* [Your task]: Pictures are to be dropped from the copy. Retype the listing exactly.
*** Opening Available data ***
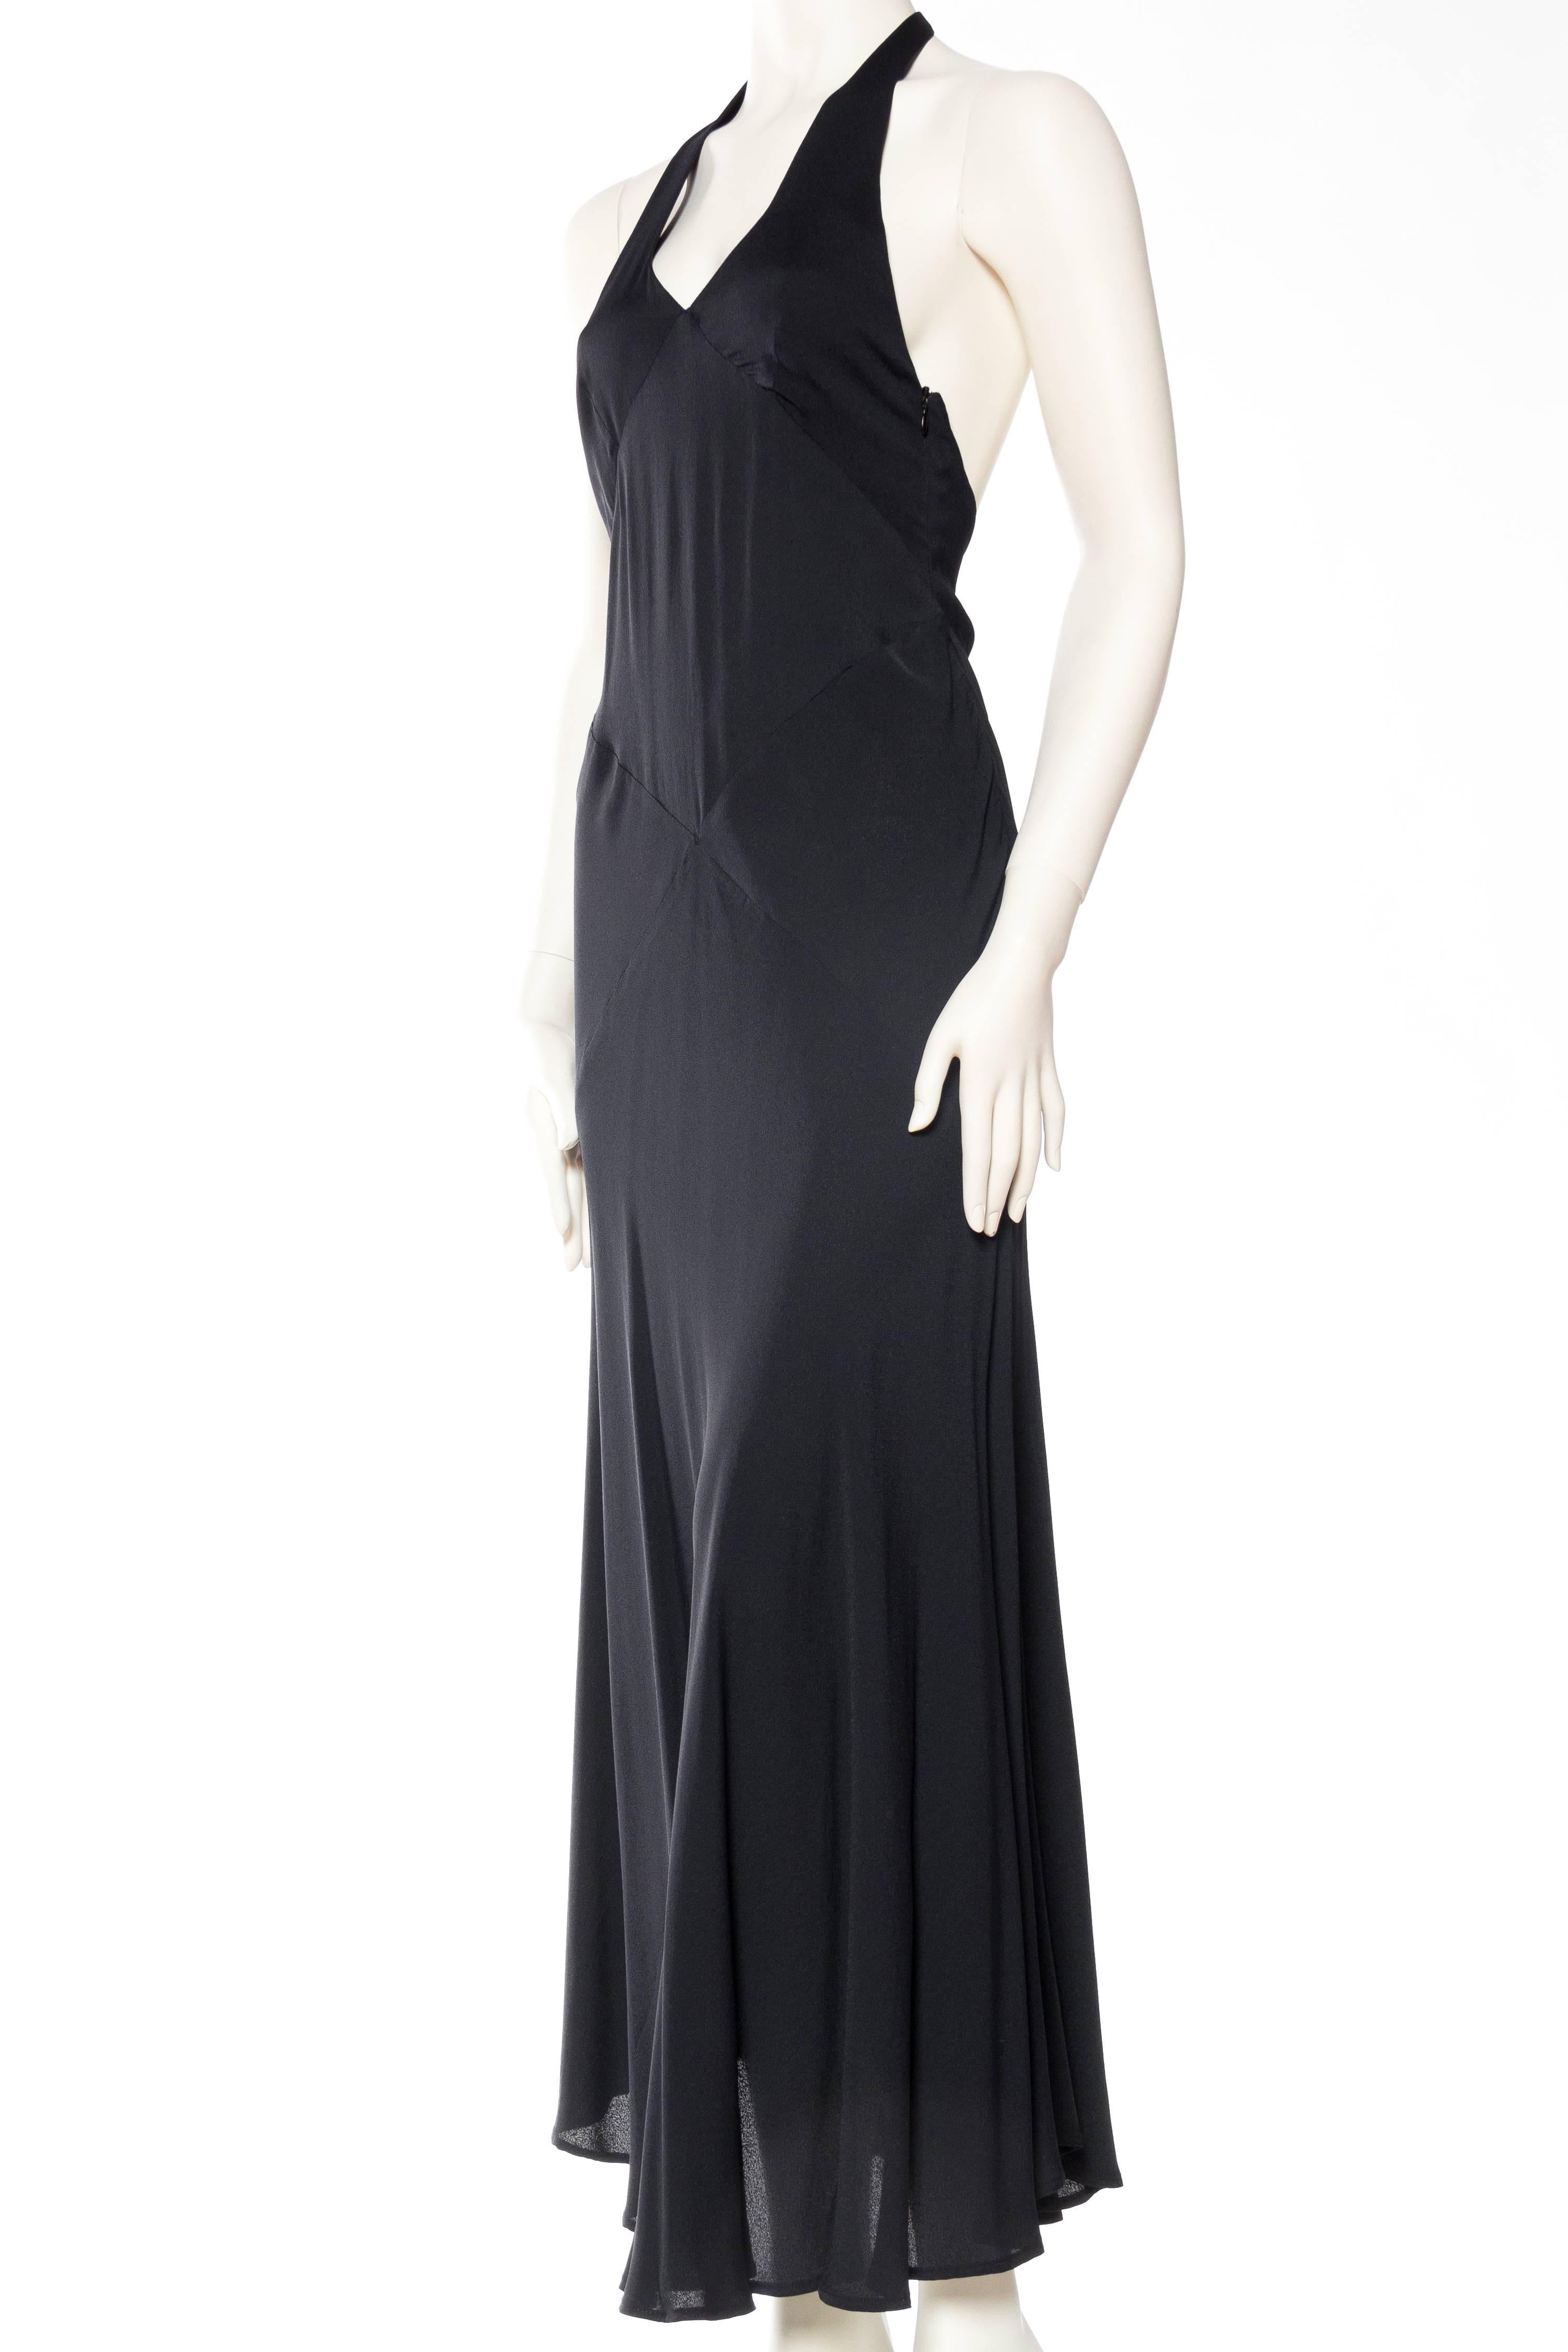 Women's 1990s Katharine Hamnett Black Bias Cut Rayon Crepe Backless 30s style Gown
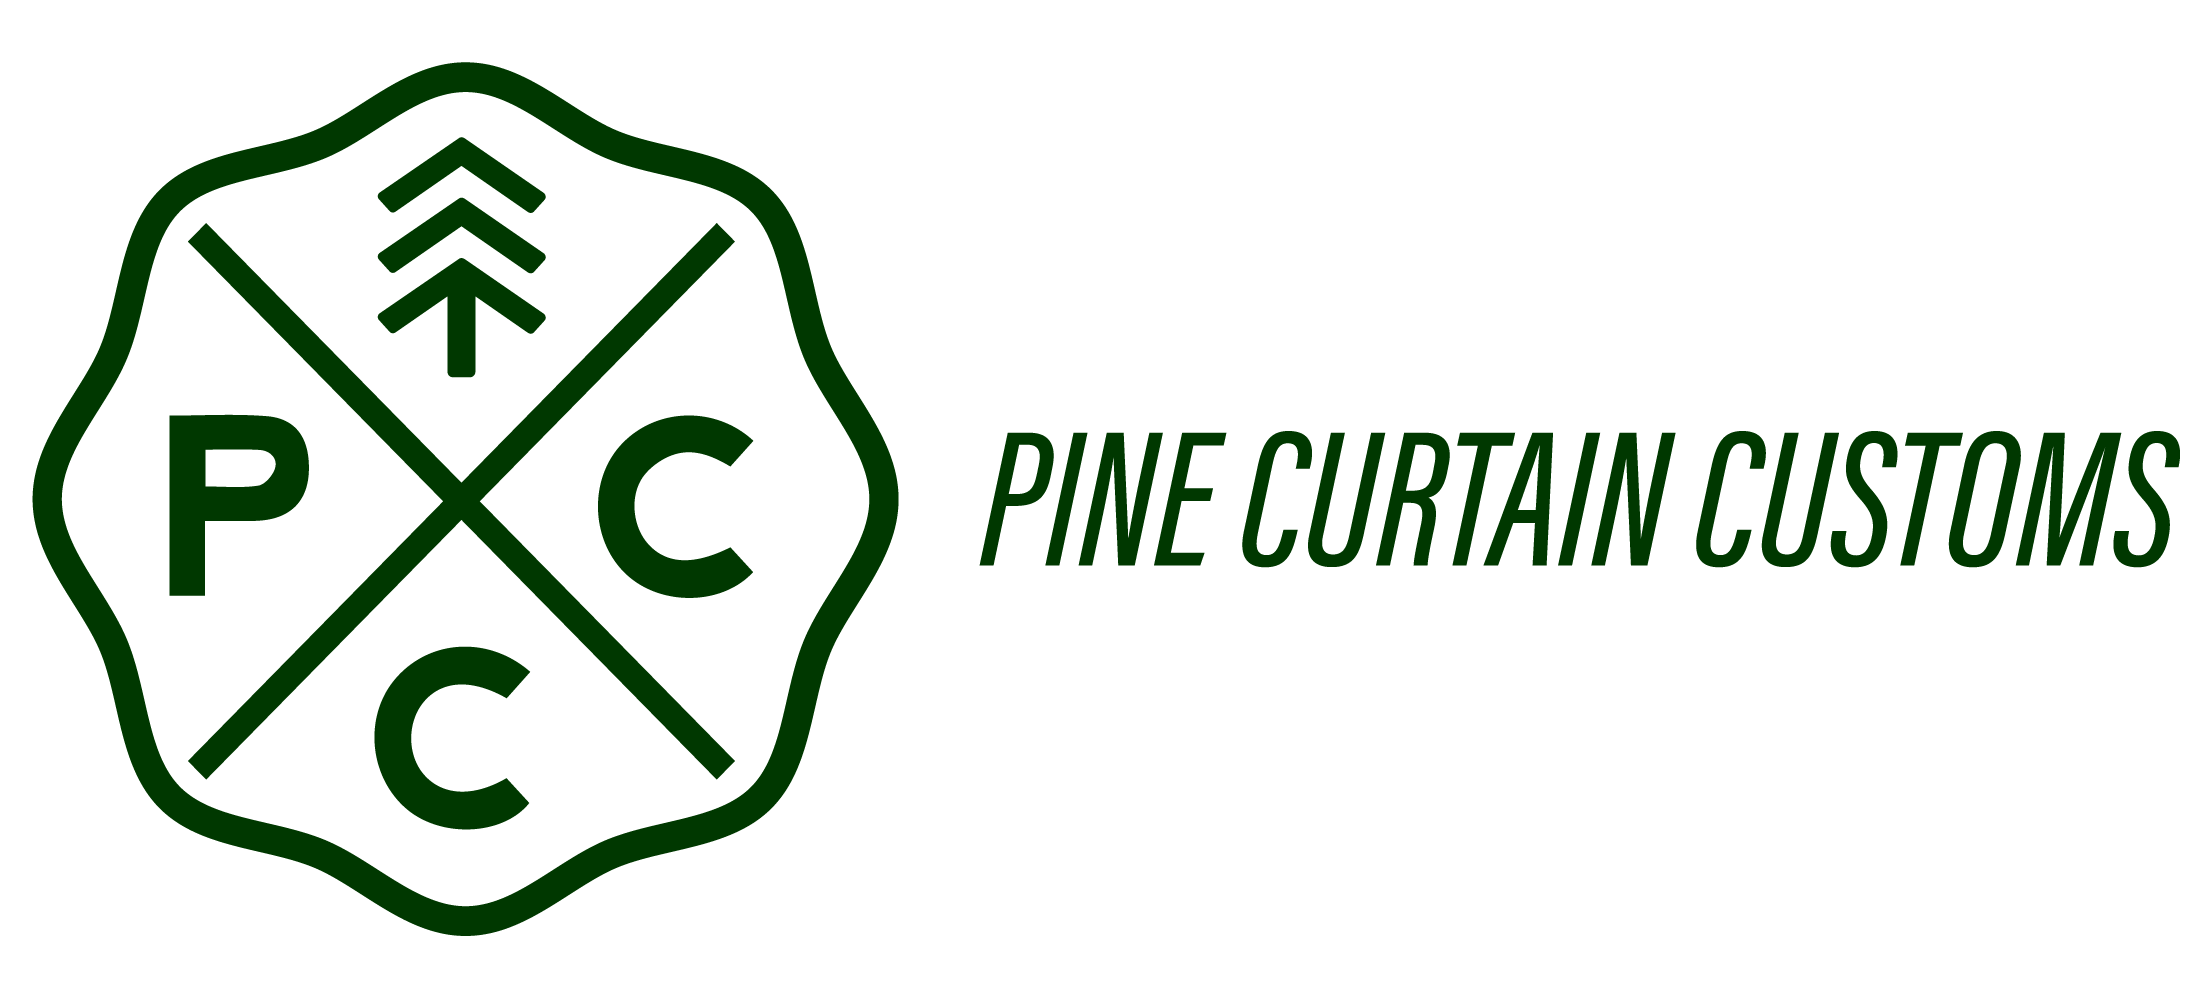 Pine Curtain Customs
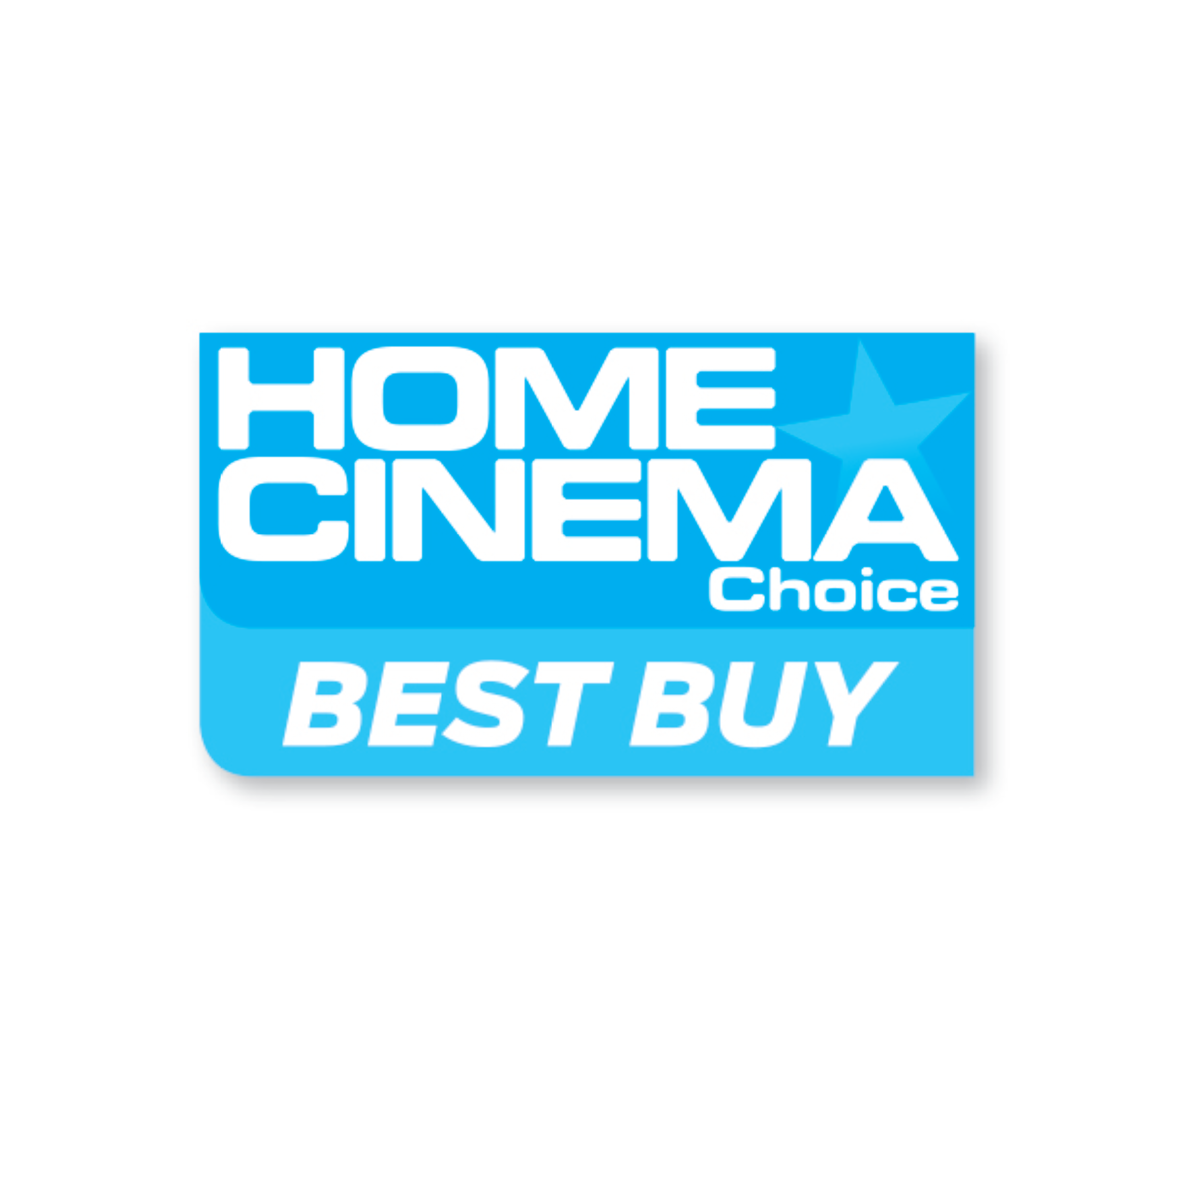 HOME CINEMA Choice: Best Buy
*** Closing Available data ***
* [Completed exercise]:
 Women's 1990s Katharine Hamnett Black Bias Cut Rayon Crepe Backless 30s style Gown
 Pine Curtain Customs
 HOME CINEMA Choice: Best Buy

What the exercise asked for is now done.